=== Exercise directions ===
The reply should be an exact repeat of the listing, with no pictures in it.

═════ Provided data

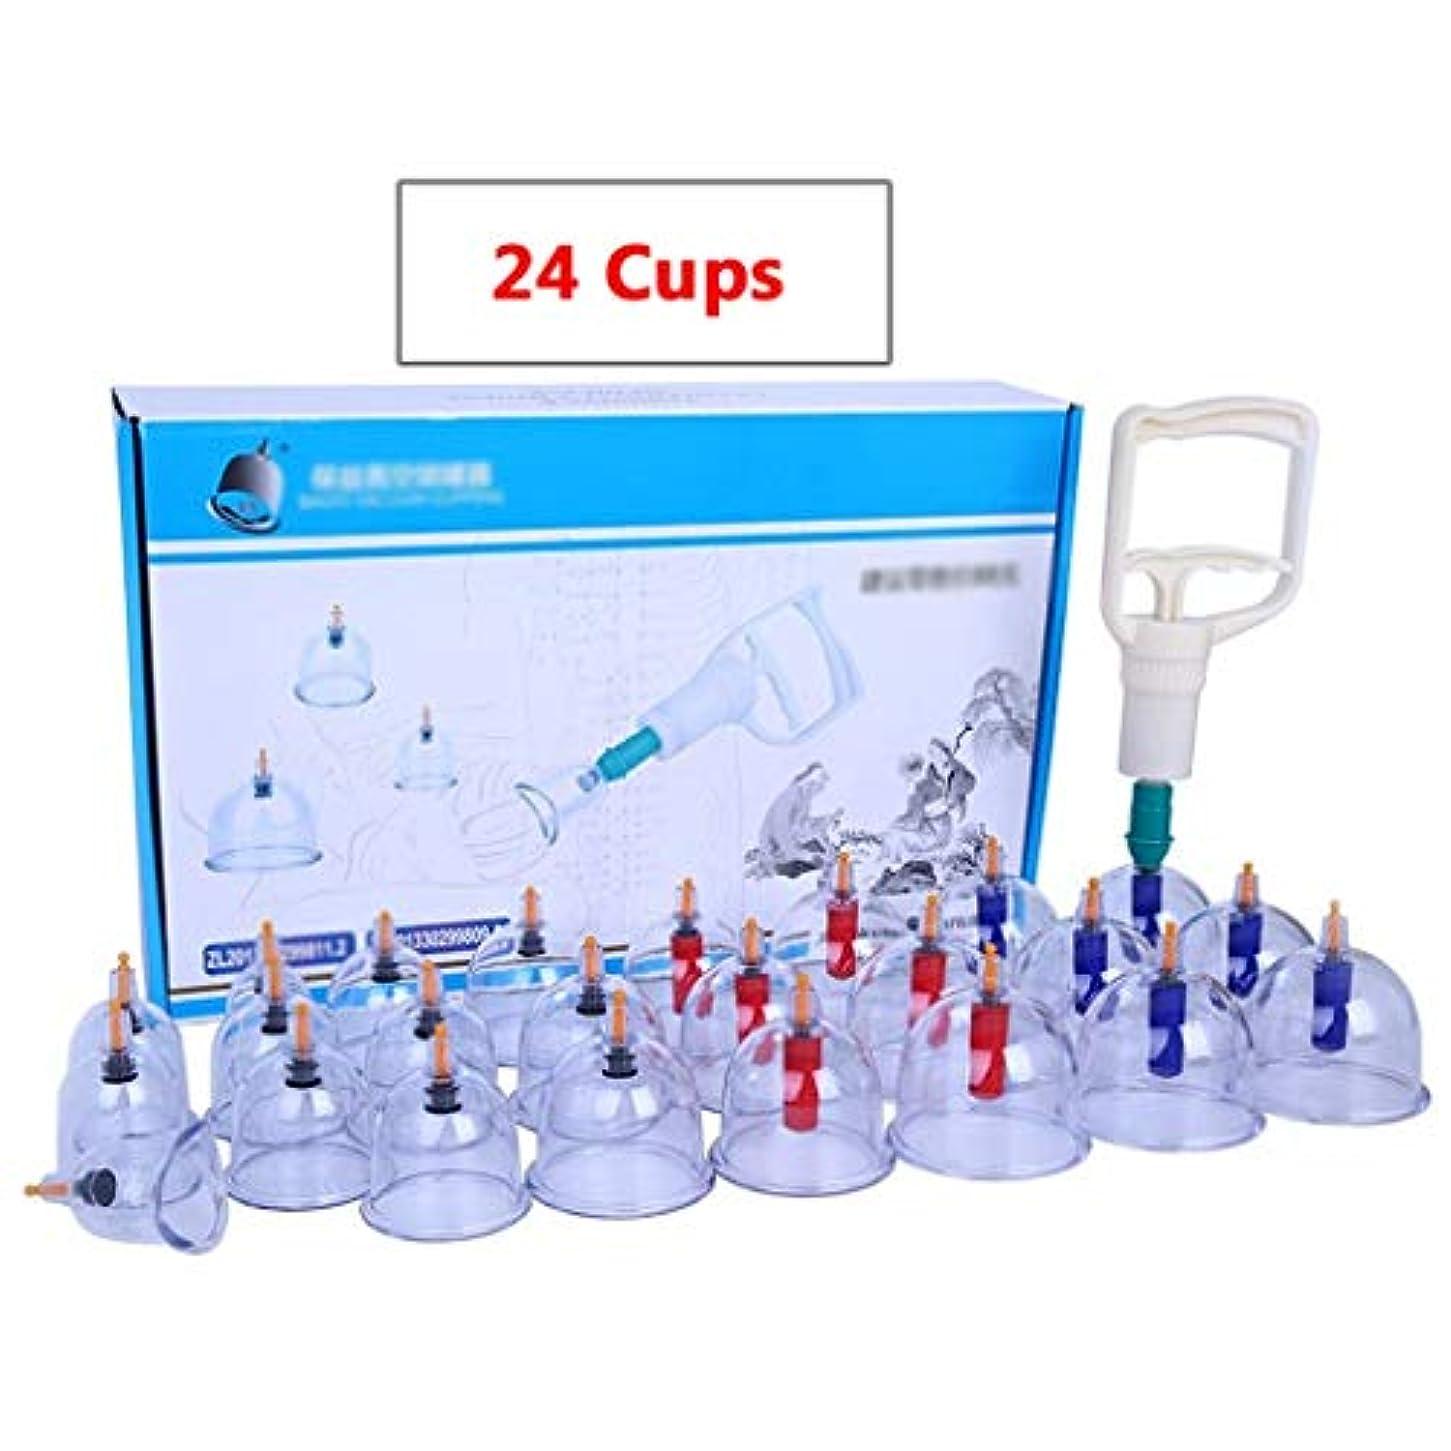 アンソロジーリンス海洋の真空カッピングキット、24カップ、ホームサクションカッピングセラピー、手動透明カッピング、中華カッピング (色 : 24 Cups)
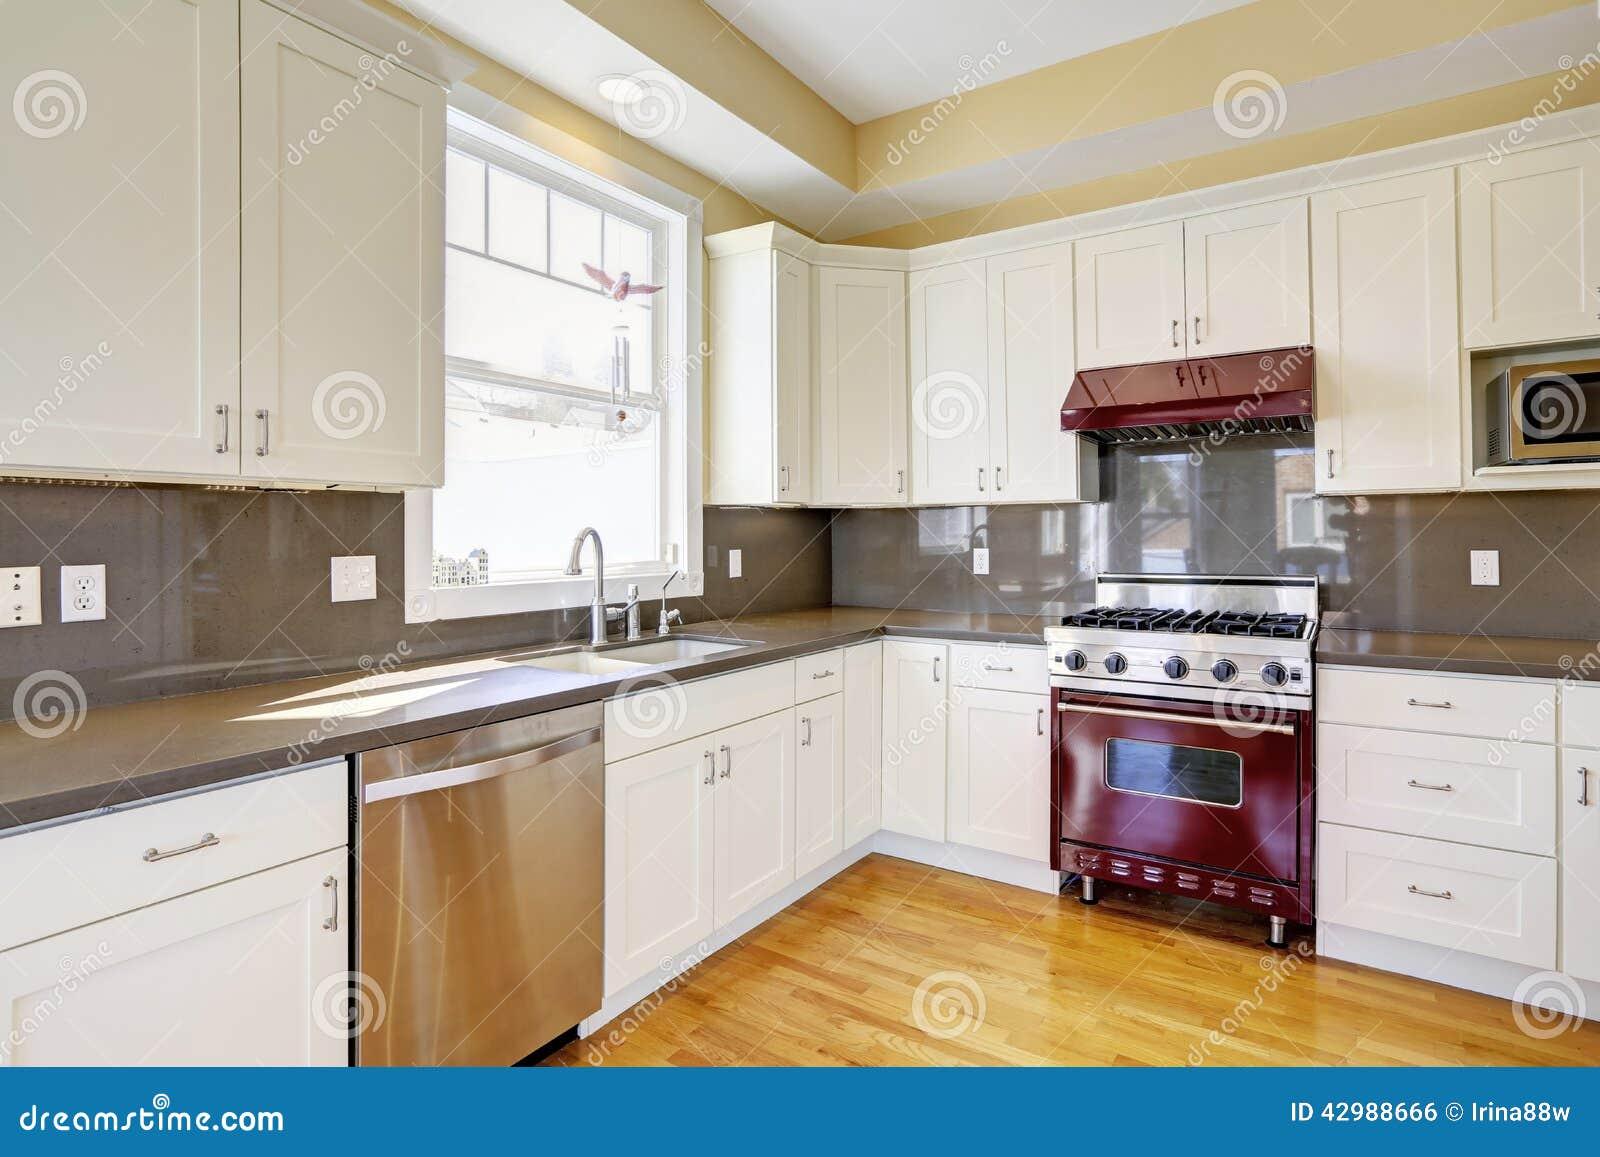 Cocina blanca con la estufa de borgo a y las encimeras - Cocina morada y blanca ...
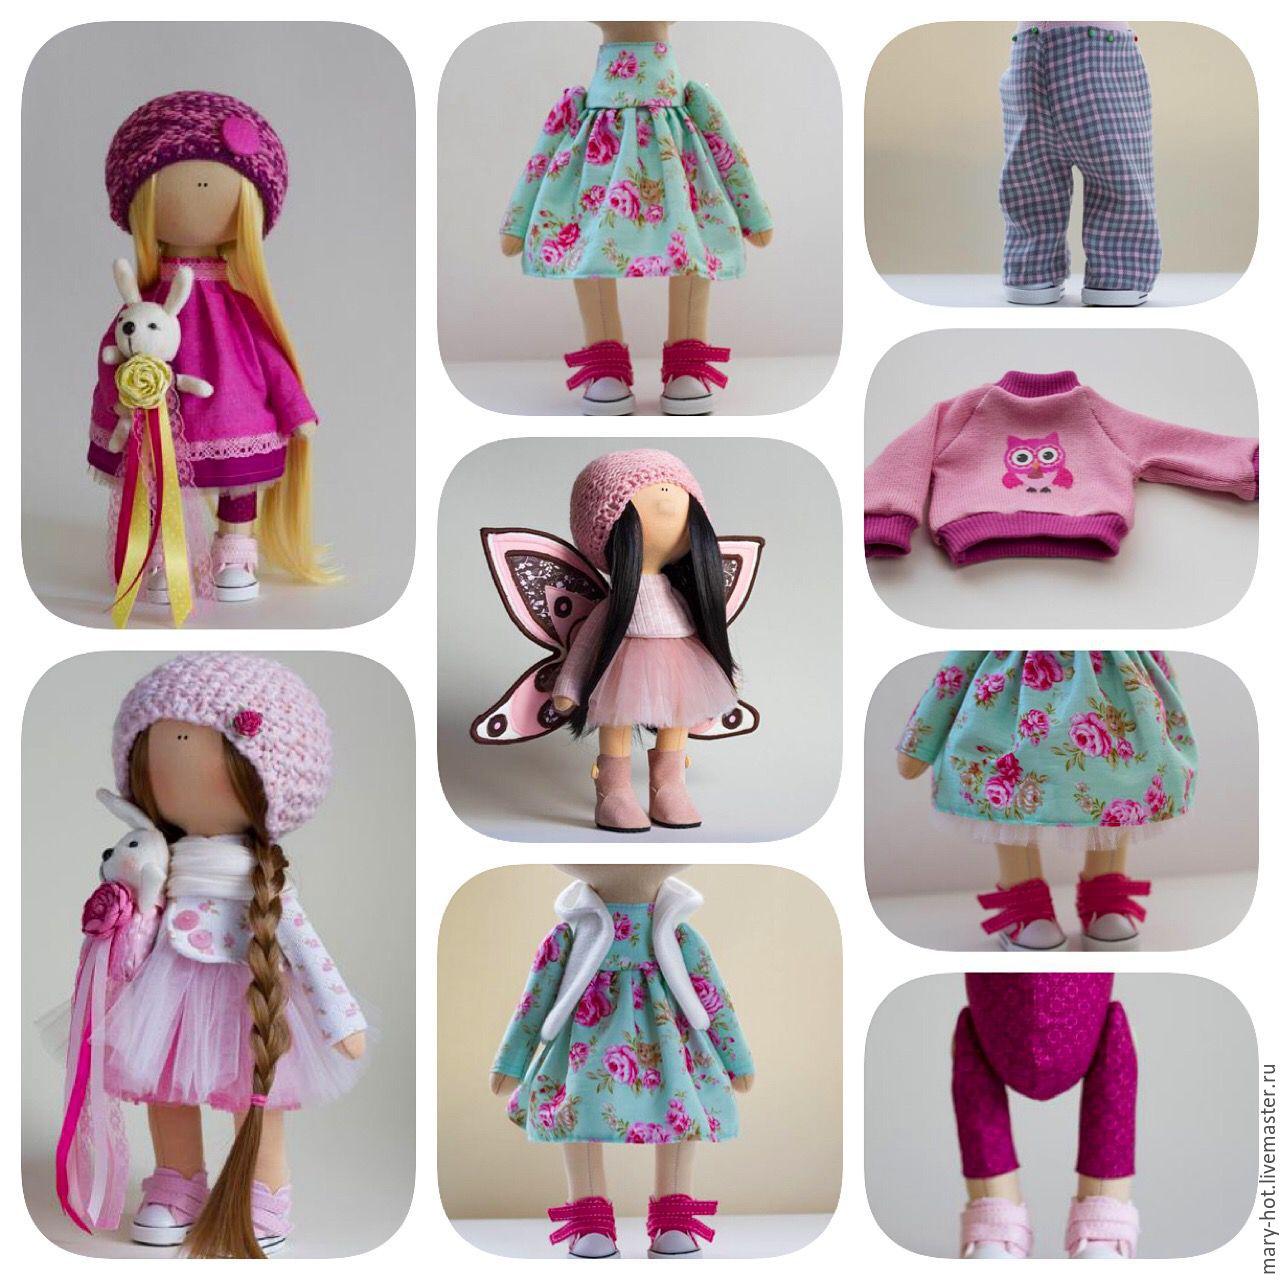 Как сшить куклу? Куклы 93
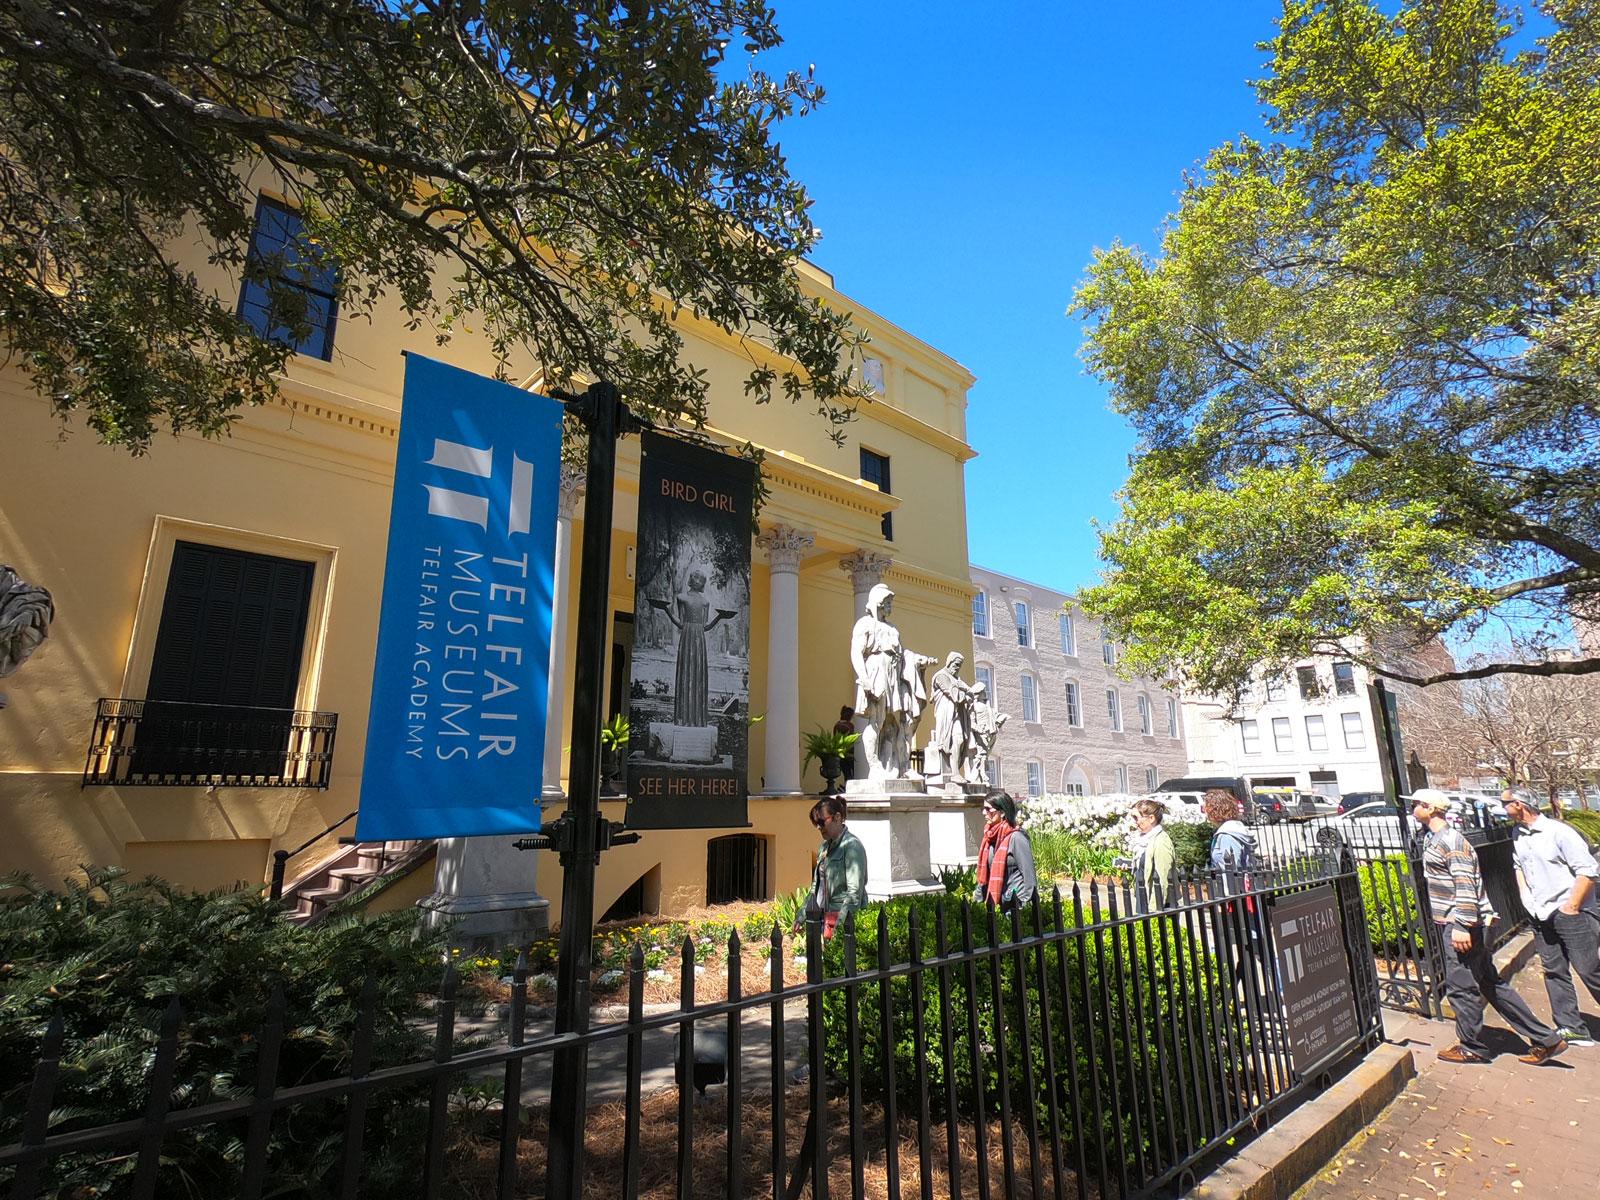 Exterior of Telfair Academy mansion in Savannah, Georgia

══════════

=== Written solution ===
 アンソロジーリンス海洋の真空カッピングキット、24カップ、ホームサクションカッピングセラピー、手動透明カッピング、中華カッピング (色 : 24 Cups)
 Cocina blanca con la estufa de borgo a y las encimeras - Cocina morada y blanca ...
 Как сшить куклу? Куклы 93
 Exterior of Telfair Academy mansion in Savannah, Georgia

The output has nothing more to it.